Tumor growth delay compared to untreated (control) LLC tumors grown in the rear limb of C57 mice. Groups contained 5–10 individually treated mice and the data is plotted as the mean with SD. SN-38 2 mg/kg or RTLs loaded with SN-38 corresponding to 2 mg/kg were injected IV on days 0, 3 and 6. Radiation was administered to the tumor at a dose of 5 Gy on days 0, 3 and 6. In the combined treatment group, RTLs (SN-38) were given IV at 2 mg/kg and 4 h after injection the tumor was irradiated with 5 Gy. The average tumor volume at days 2–8 after the start of treatment in the combined therapy group was significantly lower (p < 0.0002–0.04, Student’s t-test comparing average fold change in tumor volume) than either monotherapy or control group. By day 10, the last day of measurement, the tumors had all started to regrow at a similar rate since therapy had ended on day 6.

3. Discussion

The field of drug delivery and targeted release of therapeutics using nanomaterial-based vehicles has a long history, dating back at least 50 years to the early work of Gregoriadis [32,33]. While a wide variety of materials have been studied and investigated as drug carriers, the liposome has garnered the most attention. Yet, the true control and design of many lipid-based drug delivery systems remains less than optimal. Our goal in using radiation therapy as a trigger for drug release was to exploit one of the most non-invasive, potent, and precise therapies available to the oncologist. Radiation allows control and precise tumor volume targeting while avoiding significant triggering in any normal tissues, by virtue of the precision and accuracy of modern-day radiotherapy treatment planning. There have been extensive efforts with triggering mechanisms using thermal therapy, with some success [34]. However, in most cases the control of the trigger timing and tissue volume of effect remains inexact due to the inherent nature of blood flow, thermal washout from tissues and other vascular permeability issues. While these will also be factors in our current platform, we surmise that the control and precision by which we can activate release from liposomes taken into the interstitial space or into the tumor cells themselves will facilitate a better therapeutic index that other approaches. By using conformal radiotherapy that does not depend on blood flow or conduction for dose deposition we add a new level of control which warrants more development and testing.
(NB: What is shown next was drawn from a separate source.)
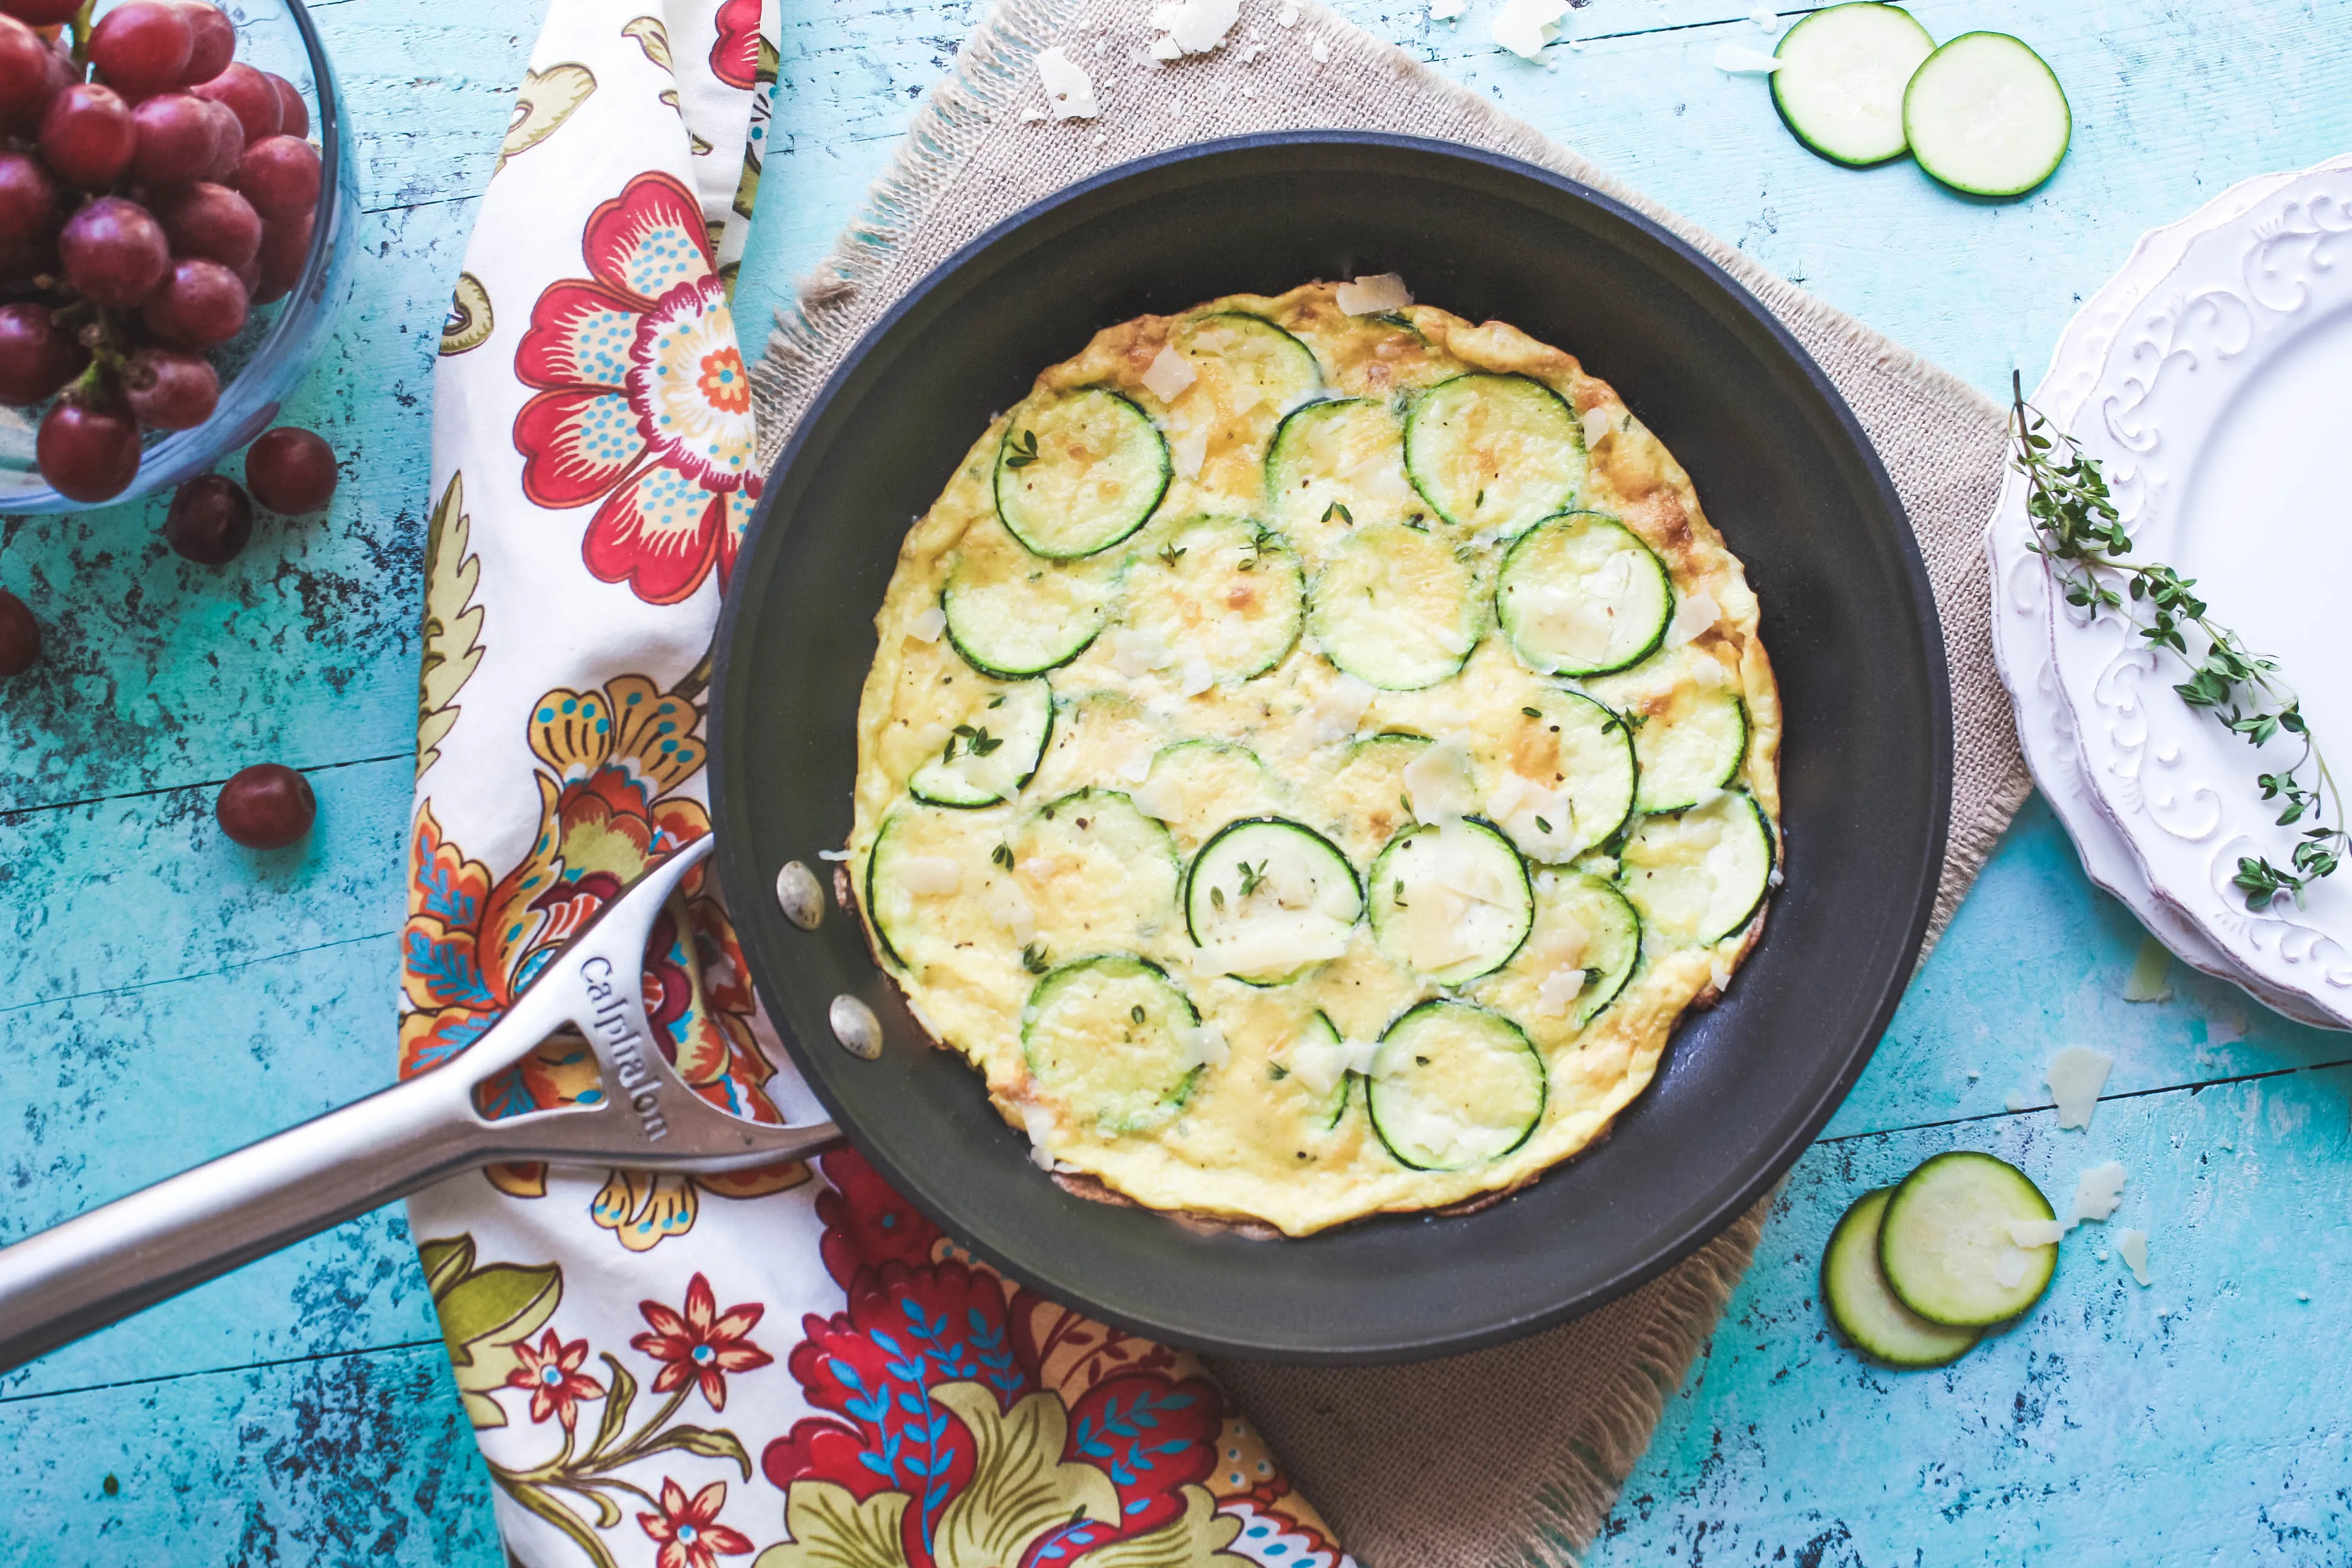 Zucchini-thyme frittata for two is a simple dish that's perfect for breakfast. Zucchini-thyme frittata for two makes a delightful dish for any meal.
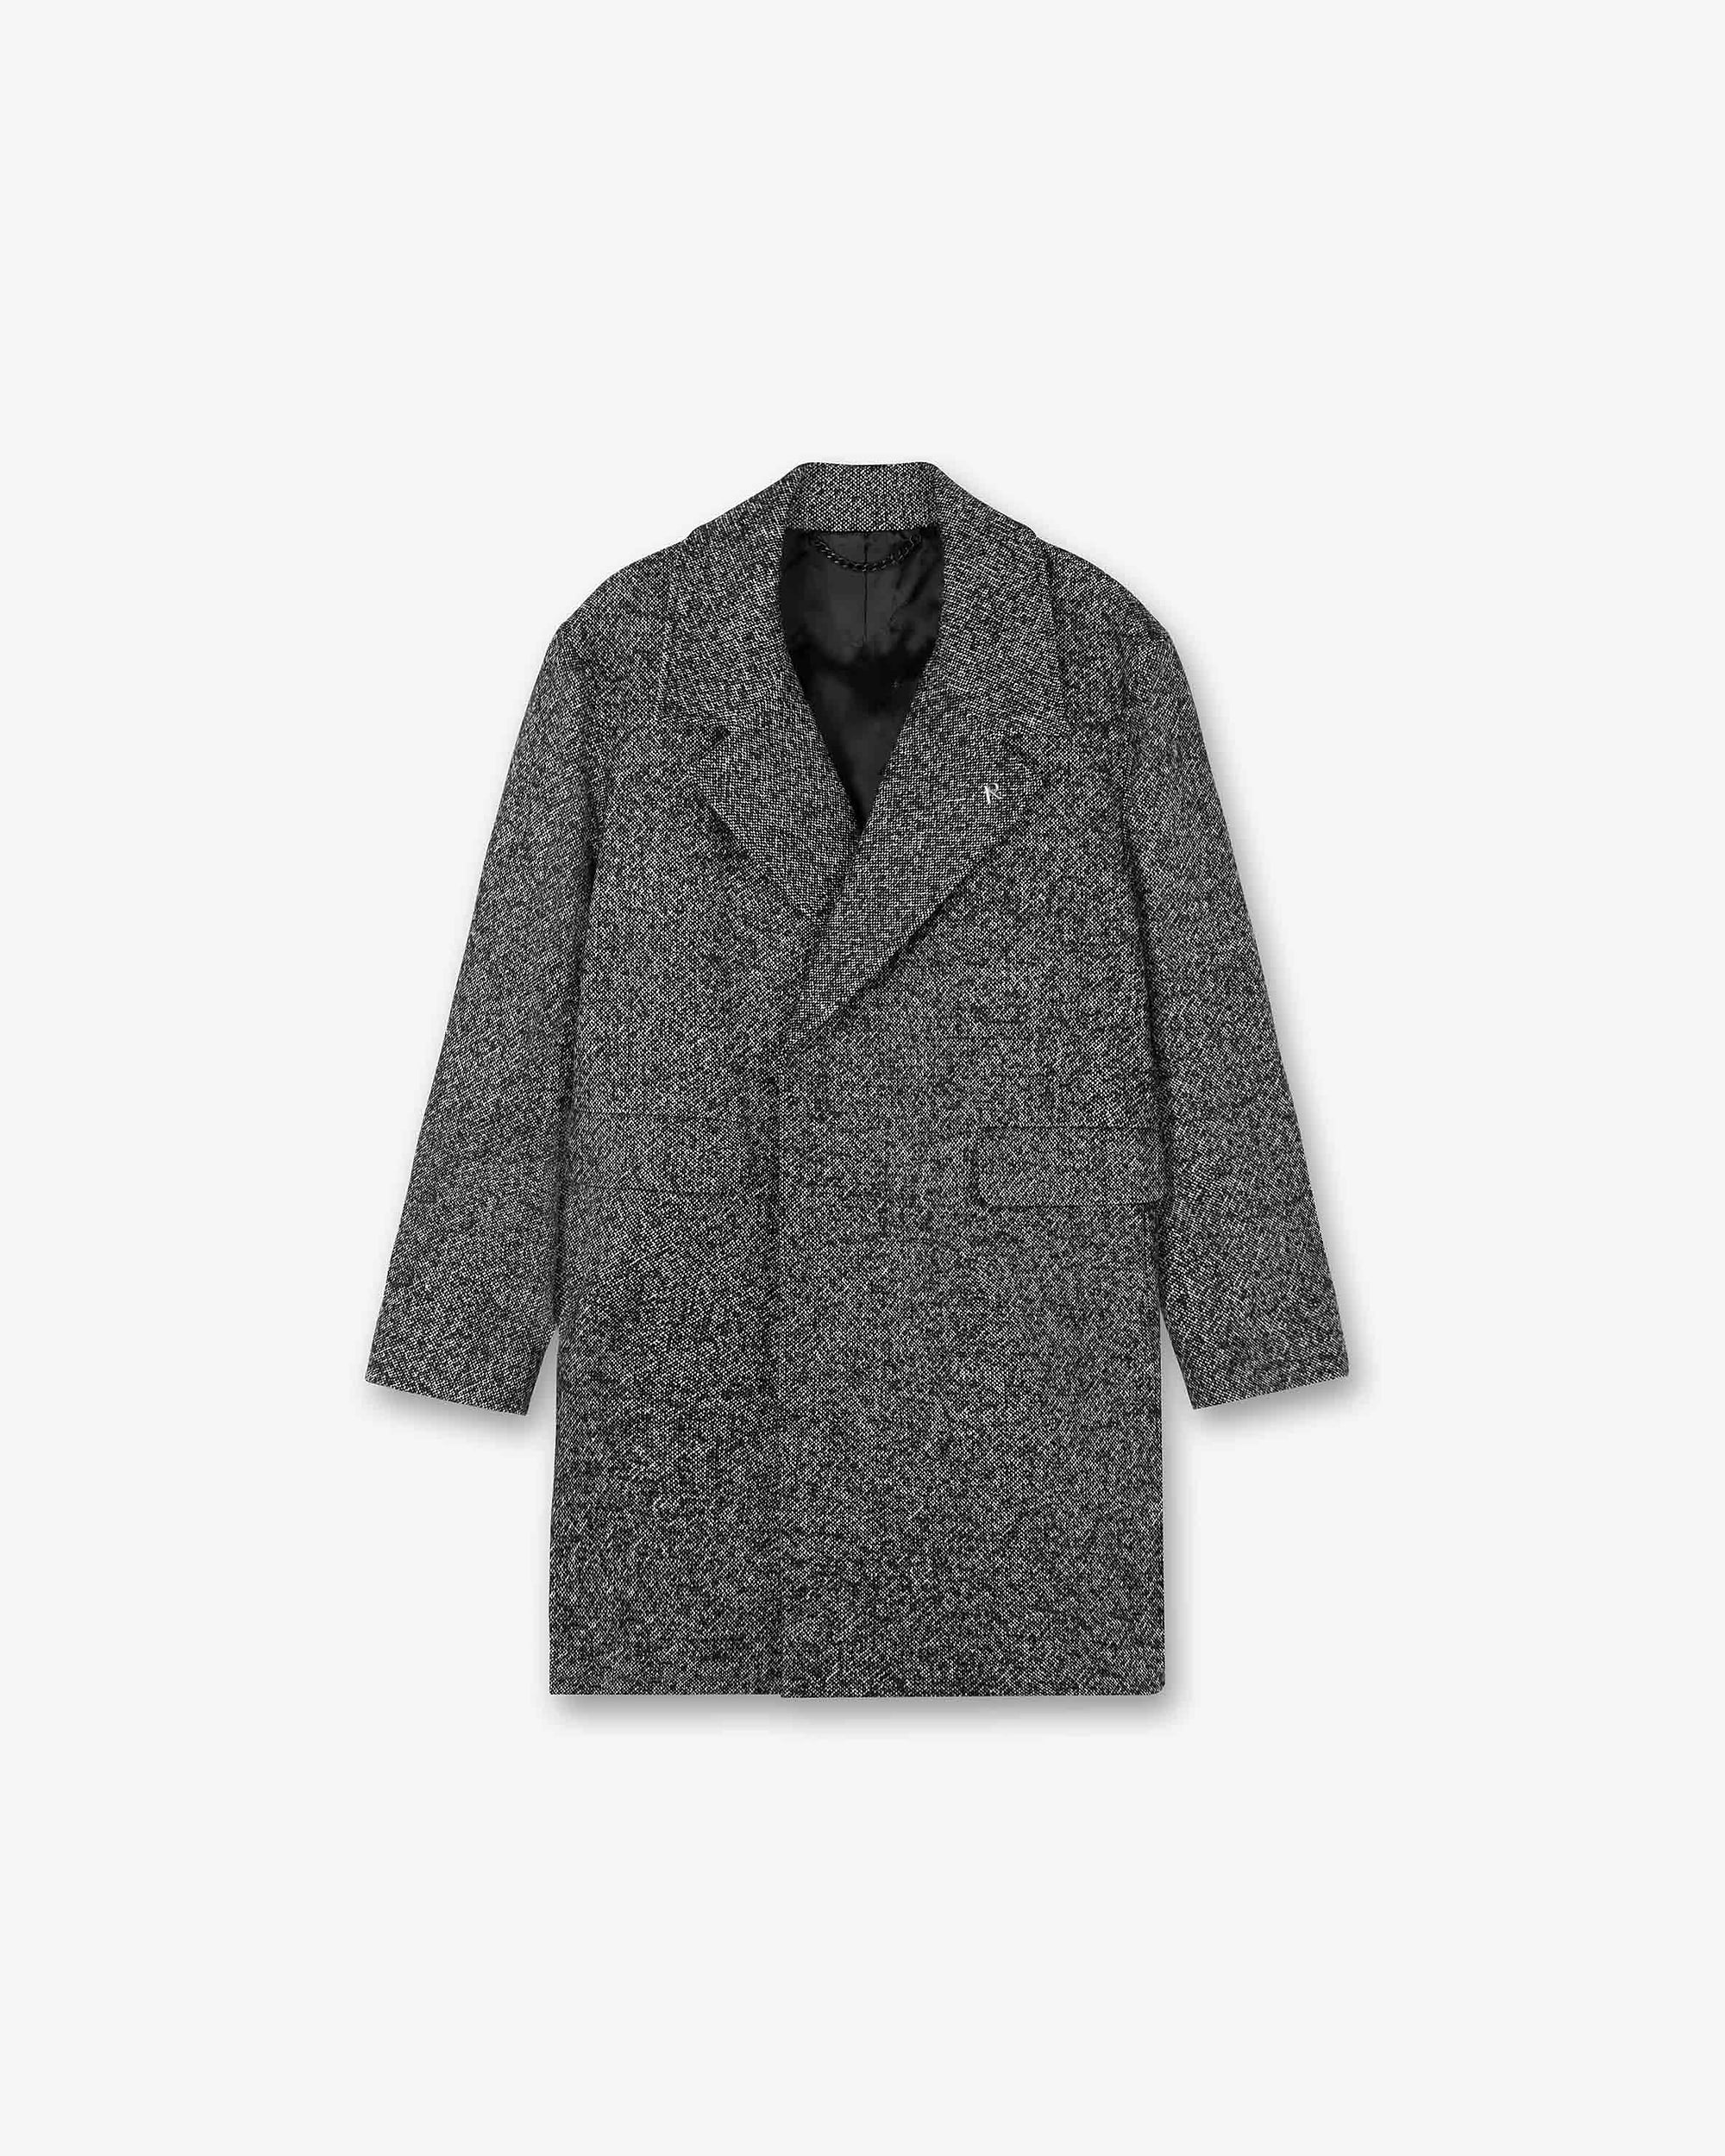 Double Breasted Overcoat - Black White

This report summarizes the initial studies undertaken by the company/university team at our institutions. Herein we have shown that our patented liposomes can be formulated to the size range and polydispersity index considered acceptable for drug delivery applications by the FDA’s guidance for industries [27,28,29,30]. Moreover, we demonstrated that the chemotherapy agent, SN-38 can be encapsulated in these liposomes, while maintaining the pH sensitivity that underlies the triggered release mechanism and cytotoxic actions of the drug. This is evidenced by our cell viability and clonogenic assays that show decreased survival with addition of just the supernatant after liposomes were exposed to low pH or ionizing radiation. We interpret this to mean that robust quantities of active SN-38 were released from the liposomes after triggering the release mechanism. It is this delicate chemical interplay between pH, liposome stability, and drug action that makes our formulation stand out from other liposome preparations.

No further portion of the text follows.